How To Start Journaling For Anxiety

In this guide you will learn what anxiety is, exactly how journalling can help you overcome it, plus a simple guide to start your own journaling practice. If you’re on the way to a panic attack a solution might seem impossible. But it isn’t.  Journaling has helped me work my way through my anxiety and I’m sharing how you can use it too.

What is anxiety?

Anxiety and journaling
Anxiety can feel terrifying and lonely

The American Psychological Association (APA) defines anxiety as “an emotion characterised by feelings of tension, worried thoughts and physical changes like increased blood pressure.”

Normal levels of anxiety and stress are completely normal. This fight or flight response keeps us safe and has ensured human survival for thousands of years.

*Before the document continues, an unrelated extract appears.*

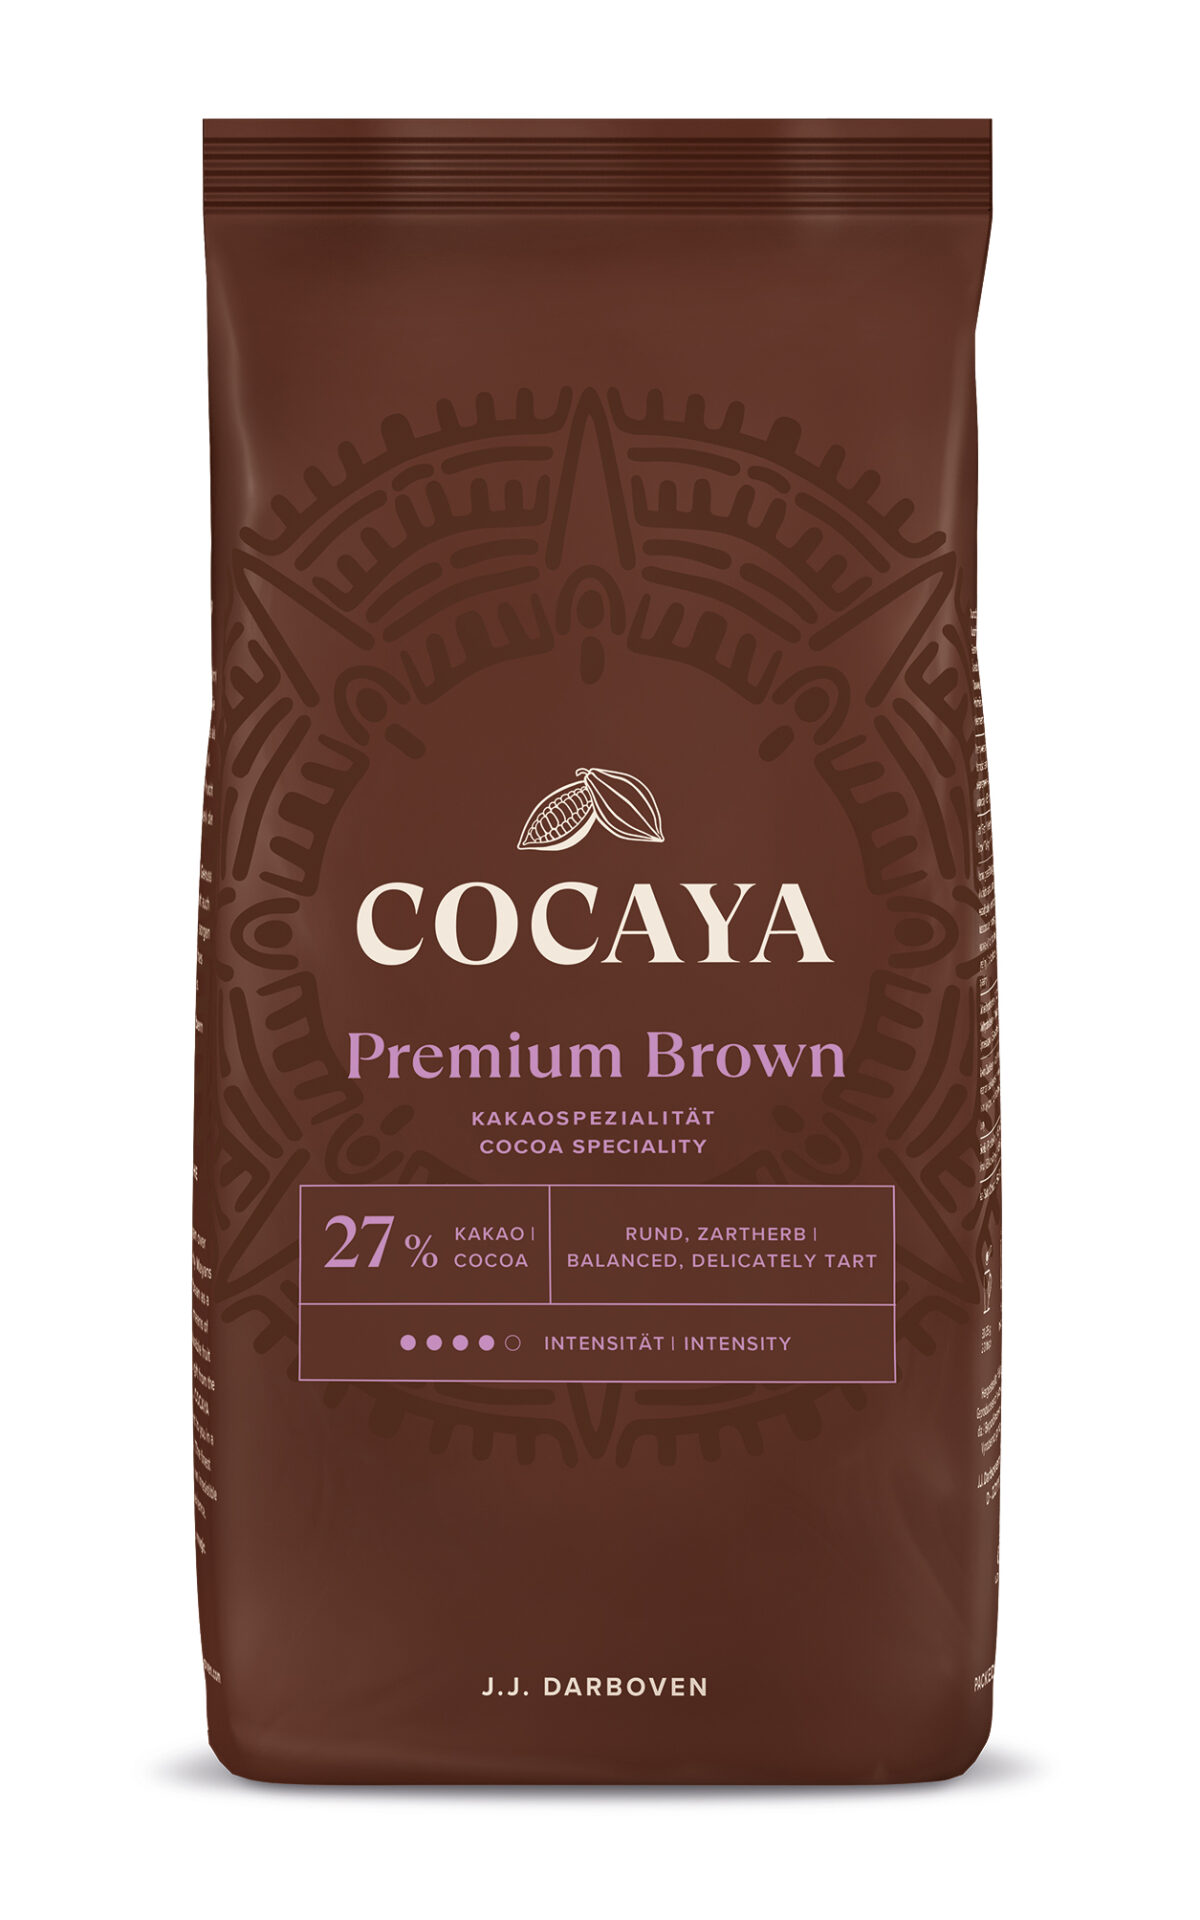 220928_Packshot_frontal_Cocaya_Premium_Brown

However, when anxiety becomes your daily norm, without the presence of any dangers then it becomes a problem.

If you’re reading this you probably know what I’m talking about? That chronic worry tugging at your stomach, causing you to overthink everything, anything and sometimes absolutely nothing…….

Personally, I know very few people who haven’t experienced unnecessary anxiety in this modern world. Research supports this, with about 2 million Australians suffering anxiety every year (Beyond Blue).

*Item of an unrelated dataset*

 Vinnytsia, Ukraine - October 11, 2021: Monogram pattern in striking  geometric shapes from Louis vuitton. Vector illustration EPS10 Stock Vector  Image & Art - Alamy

Anxiety is a modern epidemic. A lonely and frightening one at that.

However – don’t lose hope. Know that there is a way out of the anxiety prison through journaling. It’s my mission to be able to show you how.

How Journaling Can Help?

Girl Journaling for mindfulness

Journaling is a great tool for coping with anxiety for many reasons. Below I have listed the top 5 reasons incorporating a mindfulness practice – like journaling – can reduce stress and chronic anxiety.

1. Calm racing thoughts

Calm racing thoughts

Your brain can’t help but slow down and focus on one thought at a time when you funnel them into words on a page. You’ll feel less overwhelmed and give your brain a moment to ‘breathe’ between each thought. It’s a bit like brain yoga…. Mindfully holding each thought, leaning into the discomfort…. then letting it go!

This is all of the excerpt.